Why do our elected representatives not think for themselves?

·4-min read
Boris Johnson visits a canteen in Reading earlier this week, as anger over free school meals intensifies (POOL/AFP via Getty Images)
Boris Johnson visits a canteen in Reading earlier this week, as anger over free school meals intensifies (POOL/AFP via Getty Images)

Boris Johnson has indeed dropped another clanger over free school meals in the holidays but I blame the MPs. Why do our elected representatives not think for themselves?

Andrew Woodcock reports, for example, that George Freeman is now saying free meals should be extended through the holidays ('Boris Johnson says councils can use money from fund which has already run out’, October 26). Why did he vote against it then?

Jane Penson

Chalfont St Giles

The failure to back Marcus Rashford over extending free school meals is just the latest calamity of many that have dogged successive Tory governments since 2015. This would also have been the story of the Cameron led coalition government if it wasn’t for the Liberal Democrats acting as a steadying hand.

Indeed, where the Lib Dems really let the country down has long since become apparent – it was in making the Tories look competent.

Roger Hinds


Sasha Simic (Letters, 26 October) reminds us: "Three hundred and twenty-two Tory MPs voted to deny poor children free school meals during the holidays”. This includes my MP. I don’t think many voters will need reminding, at the next opportunity, to bite the hands of those who didn’t feed them.

Eddie Dougall

Bury St Edmunds

Just a week ago, Boris Johnson and his team were adamant that control should not be in the hands of local authorities. Now it seems they are more than happy to pass the supplying of free school meals programmes to those same authorities.

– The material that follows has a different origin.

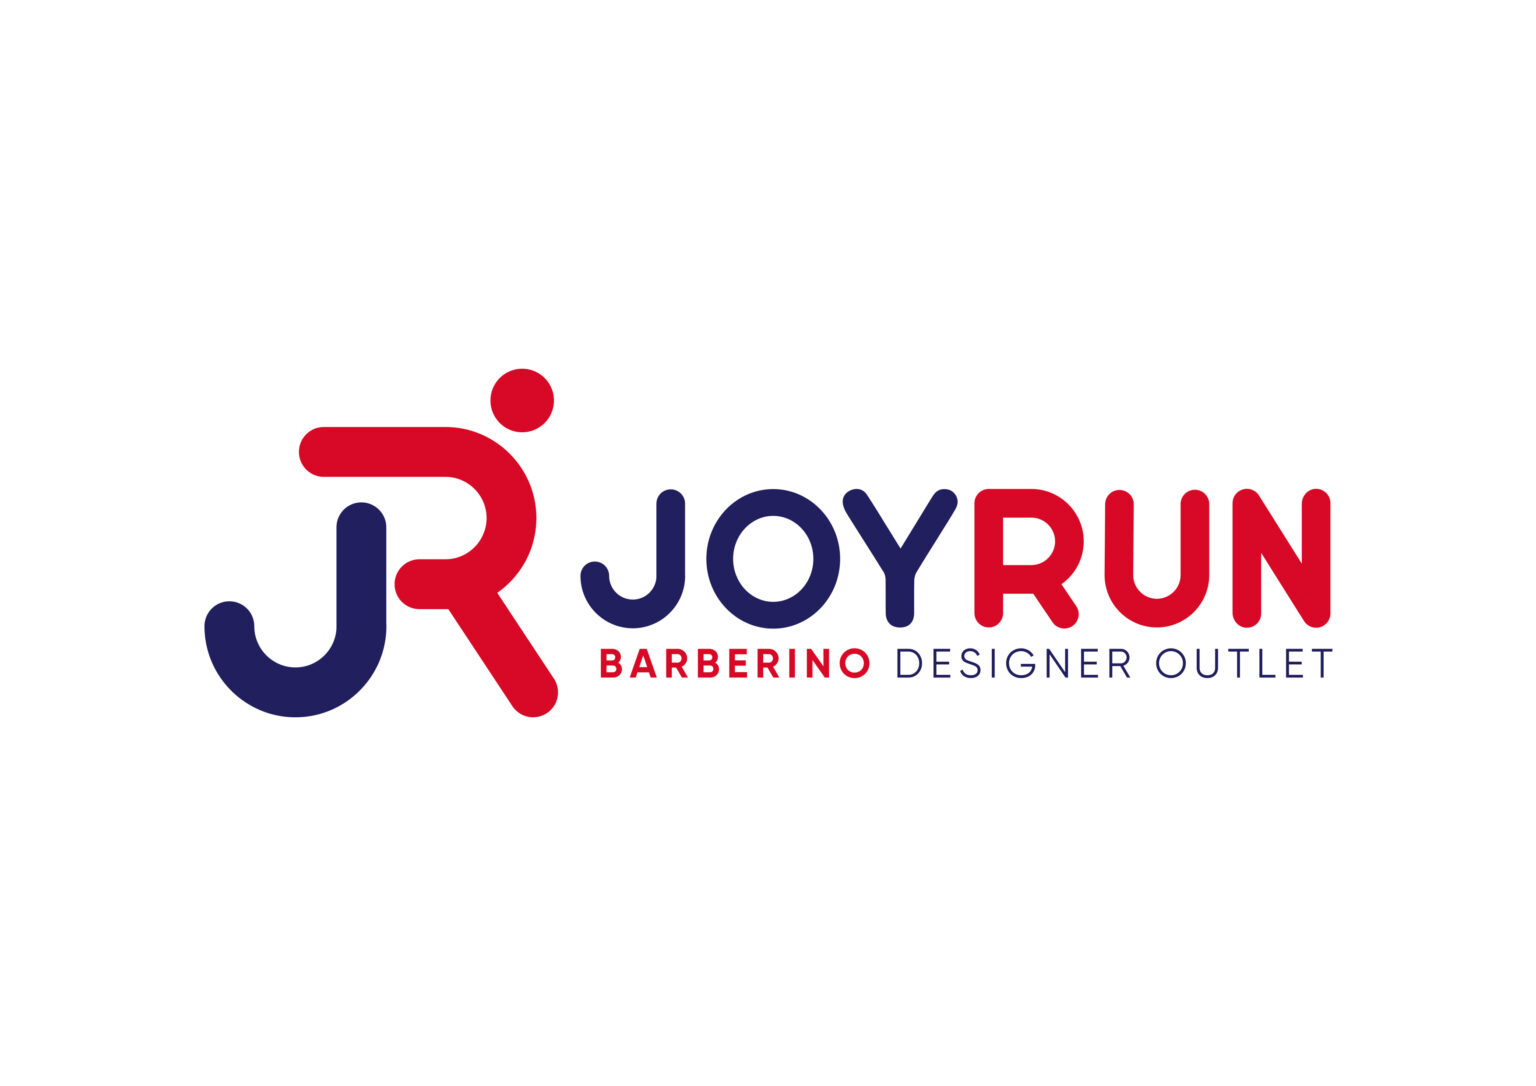 JOY RUN - BARBERINO DESIGNER OUTLET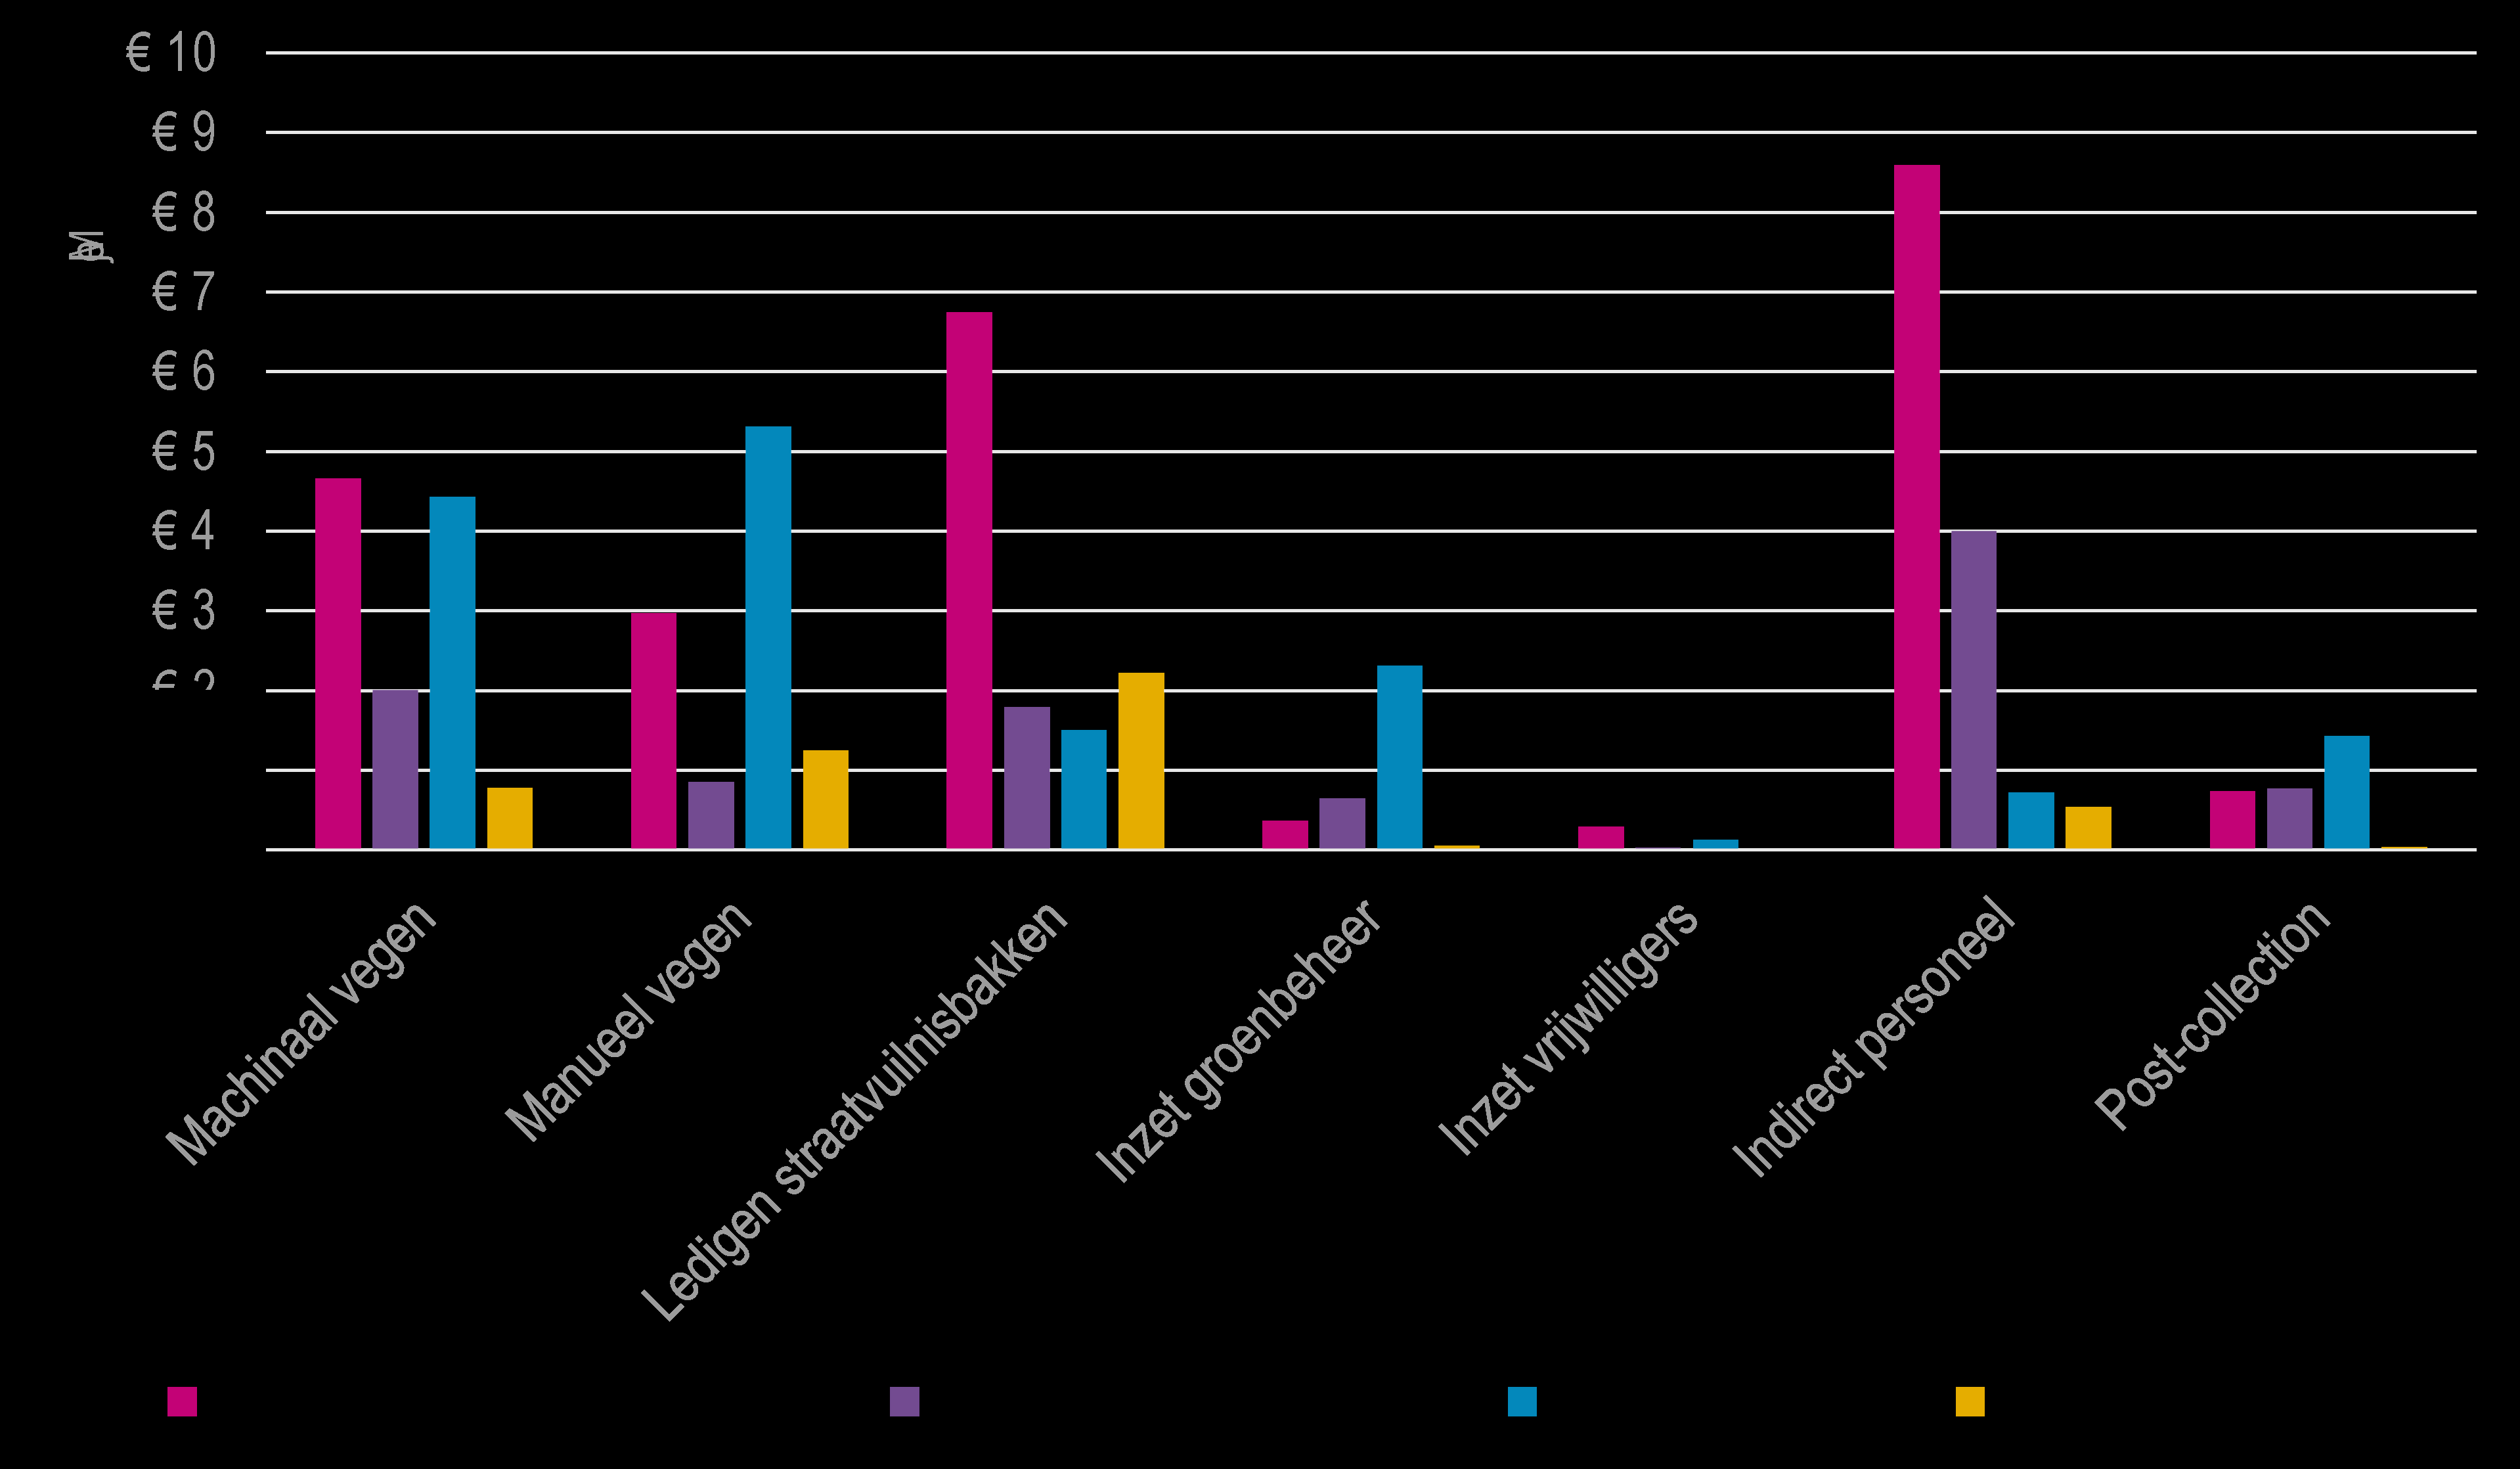 Vooral de kosten voor manueel vegen en ledigen van straatvuilnisbakken liggen in deze gemeenten aanzienlijk hoger dan in de andere strata.

It has dawned on some of these MPs that they may have misjudged the mood of the public. What a jaw-droppingly arrogant comment. A compassionate government does not need to rely on public mood in order to provide for the poorest in our communities.

I wonder if Johnson and his team will still be misjudging that mood in four years’ time?

Sue Breadner

Isle of Man

Having discovered that one of the Tory MPs who voted to deny free school meals to hungry children is a trustee of the charity Feeding Britain, I wrote to them, and to their president, the Archbishop of Canterbury, to suggest that her actions had brought the charity into disrepute, and that she should be asked to stand down.

I was astonished to receive an email from Lambeth Palace, which stated: “As president of Feeding Britain, the Archbishop of Canterbury has no direct responsibility or oversight for the appointment of trustees of Feeding Britain.”

Clearly being a President carries no moral authority whatsoever. While this MP remains on the board, I am not minded to donate to them. And my respect for the Archbishop has diminished considerably.

Nicola Grove


Divide and don’t rule

James Mitchell, professor of public policy at Edinburgh University, tells us that “The SNP looks to me like a political party that needs to have a period in opposition.” Amen to that. But how likely is it when the opposition is weak? The opposition is particularly weak because it is divided. Yet the Labour, Liberal Democrat and Conservative party leaders will not accept the old dictum that, if they don’t hang together, they will hang separately.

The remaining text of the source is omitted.